Wakacje w Polsce z maluchem – Mazury

W to lato zdecydowaliśmy się spędzić dłuższe wakacje w Polsce. 3 tygodnie wrażeń – ostatni raz tak długo przebywałam poza Poznaniem w pierwszych latach mojego pobytu w stolicy Wielkopolski. Trochę się w duszy obawiałam jak na tak długi okres poza domem zareaguje Anastazja. W końcu to 3 tygodnie bez rutyny (trochę kulejącej, ale jednak rutyny), bez znajomego otoczenia, zabawek, zapachów. 3 tygodnie w zupełnie innym środowisku. A okazuje się, że trudniejszy dla nas był powrót po tych 3 tygodniach, które postawiły wysoko poprzeczkę naszym oczekiwaniom na kolejne dni. O tych powrotach z wakacji chyba też kiedyś napisze. A dziś kilka słów o naszym krótkim pobycie na Mazurach.


Wakacje w Polsce – Mazury


Mazury to jedno z tych miejsc, które wspominam z wielkim sentymentem – to tam rok rocznie jeździliśmy z rodzicami na majówkę. Byłam też tam już jako nastolatka na obozie żeglarskim (dorobiłam się też patentu, ale po tylu latach niepływania jest tylko nic nie znaczącym dokumentem… a szkoda!)

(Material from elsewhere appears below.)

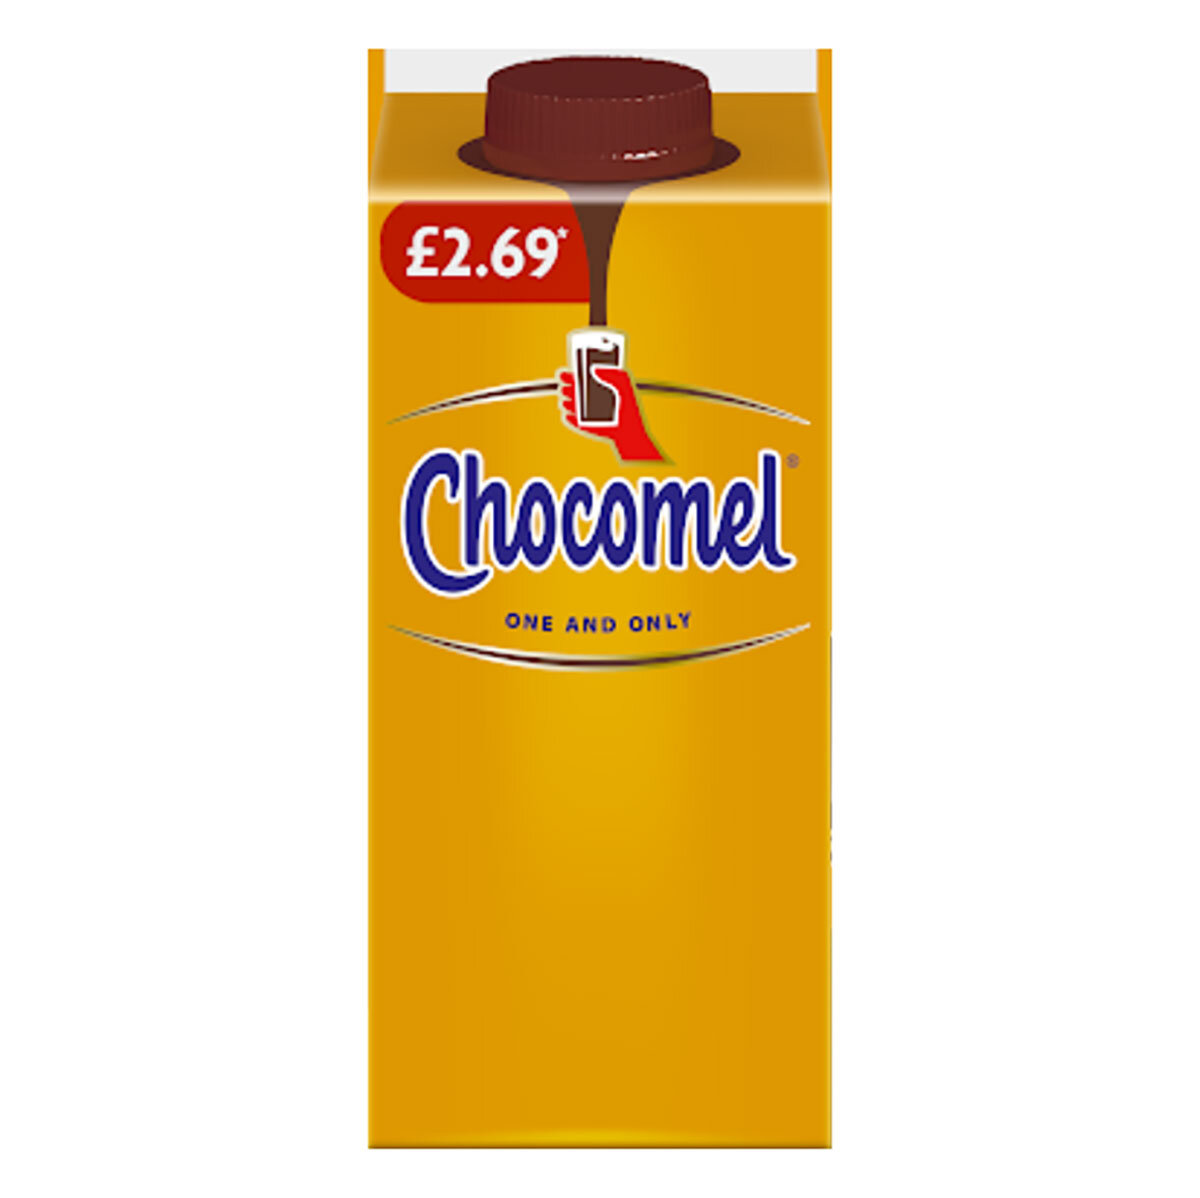 Chocomel Chocolate Milk Drink PMP £2.69, 750ml

Patryk za to nigdy Mazur nie odwiedził, więc gdy pojawił się pomysł pojechania na kilka dni właśnie tam, stwierdziliśmy, że to jest idealna propozycja na rodzinne wakacje w Polsce. Lubimy odpoczywać aktywnie, więc na każdych wakacjach przede wszystkim zwiedzamy. Nie zmieniło się to też wraz z pojawieniem się Anastazji, więc harmonogram mieliśmy dość napięty. Może kiedyś skorzystacie z naszych propozycji całodniowych objazdów po Mazurach – wydaje mi się, że wybraliśmy ciekawe i różnorodne trasy i atrakcje.


Na Mazury ruszyliśmy w poniedziałek rano z Poznania i w czwartek koło południa planowaliśmy skierować się już na Podlasie. Mieliśmy więc niespełna 3 dni do zagospodarowania. Trasa z Poznania do Wilkas, pod Giżyckiem to ponad 6h samej drogi, a z maluchem jechaliśmy prawie cały dzień. Zrobiliśmy sobie jednak w międzyczasie dwa długie postoje na rozprostowanie nóg, karmienie i krótkie zwiedzanie. Z perspektywy czasu stwierdzam, że ten etap drogi zaplanowaliśmy idealnie. W samochodzie Nastka większość czasu spała, a w przerwach dawaliśmy jej się poruszać i poszaleć. Cała trasa przebiegła praktycznie bezproblemowo.


Tężnie w Inowrocławiu
Tężnie w Inowrocławiu
Wakacje w Polsce

W drodze z Poznania zatrzymaliśmy się najpierw w Tężniach w Inowrocławiu (idealne miejsce na spacer w trakcie długiej trasy), a następnie w Gietrzwałdzie, już na Warmii.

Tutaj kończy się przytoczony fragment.